All of this sounds jolly fun for what the man-behind-the-camera, Chris Evans, calls the three million disenfranchised young males with nothing to watch but Emmerdale, BBC2 sci-fi and Channel 4 News at 7pm on a weekday night. And he is quite right, the aforementioned males' penchant for flicking off to multichannel television notwithstanding. The show is lairy, loud and laddish; it does exactly what it says on the tin. Prizes by Travel Inn are hardly glamorous but entirely appropriate for the show's target demographic. Who needs room service when you're pissed out of your face on, we can only guess, Carling?

But even for these poor underserved blokes, Live With Chris Moyles may be a little thin. (This is ironic, I suppose, but only in an Alanis Morissette kind of way). Channel 5's director of programmes, Kevin Lygo, said we shouldn't expect anything revolutionary from the show and he was right. It isn't even slightly controversial. The swearing that there was - a * at around 7.10pm - came not from Moyles but from a viewer on a phone-in and was followed by much apologising.

The TV equivalent of a Burger King - distracting while you're consuming it but leaving no lasting impression - it entirely depends on Moyles's charms and his ability to interact with the audience (last night: a flock of whinnying student nurses). All but one of the items were disappointingly bland and you suspect that the show's eschewing of celebrity guests may not last long.
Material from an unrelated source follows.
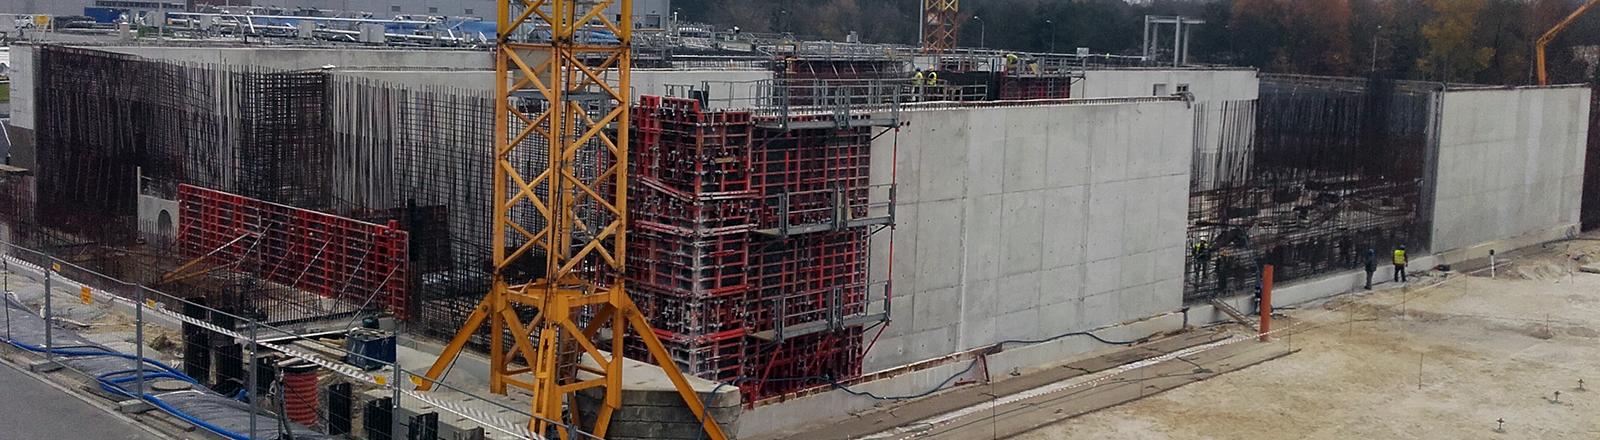 Budowa obiektów przemysłowych
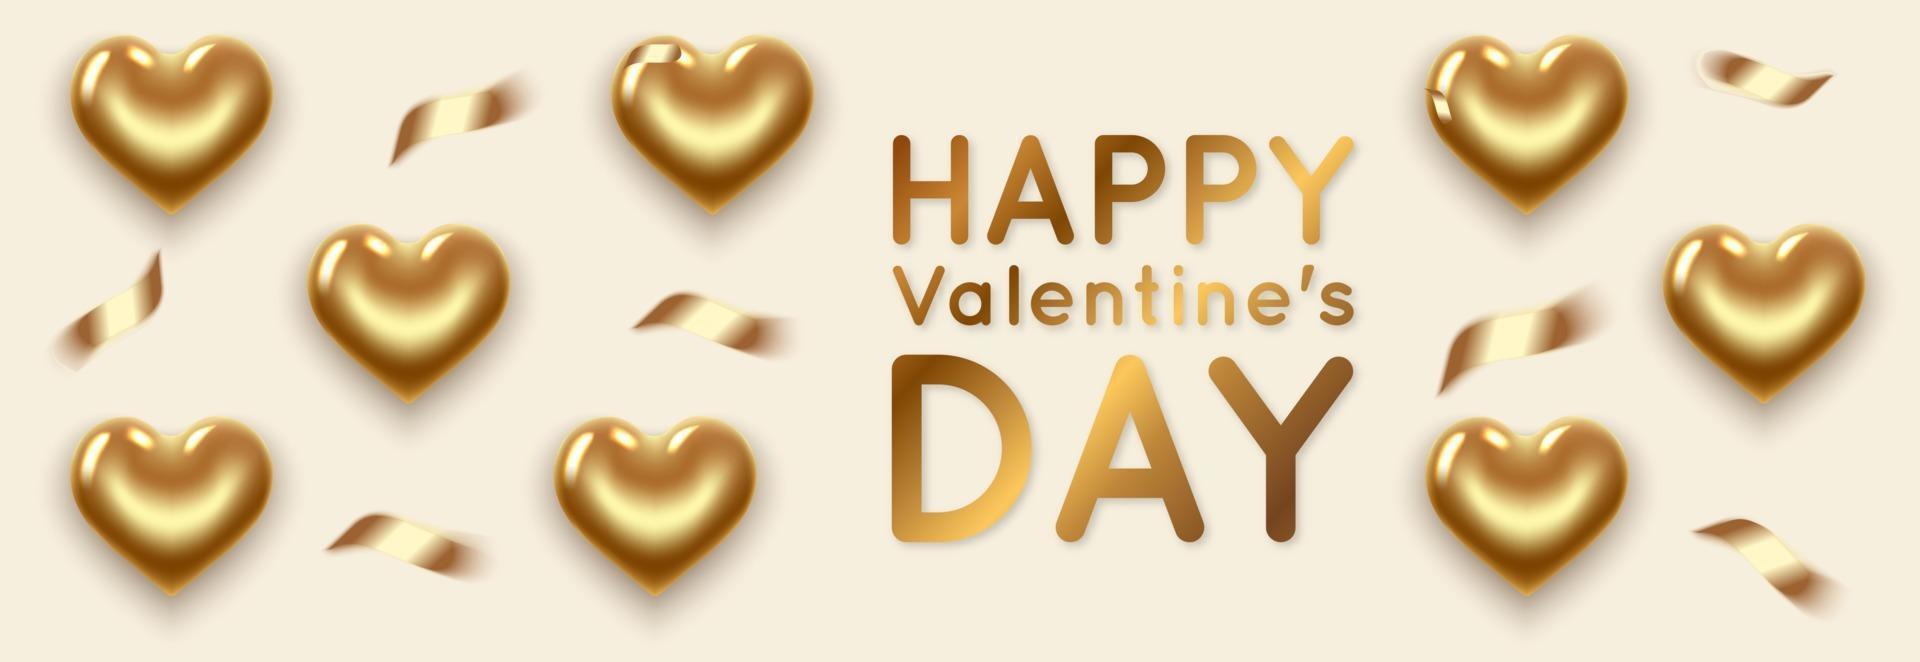 banner di San Valentino orizzontale con cuori d'oro vettore

As Chris Evans' Maxi-Me, Moyles isn't half-bad and is a whole lot less obnoxious on television than he is on radio. This may only be down to nerves - for there was a whole lot of shaking going on - but long may it continue.

The only moment of brilliance in Live With Chris Moyles was the distinctly Evans-ish game, Push the Pint. A member of the audience has to push a pint along the bar and if it glides onto a letter A, the audience gets an electric shock and if it lands on an M, it's Moyles's turn. Last night the studio audience got the shocks. Now that's what I call interactive television. You could say it was pure genius were it not the wrong brand of booze.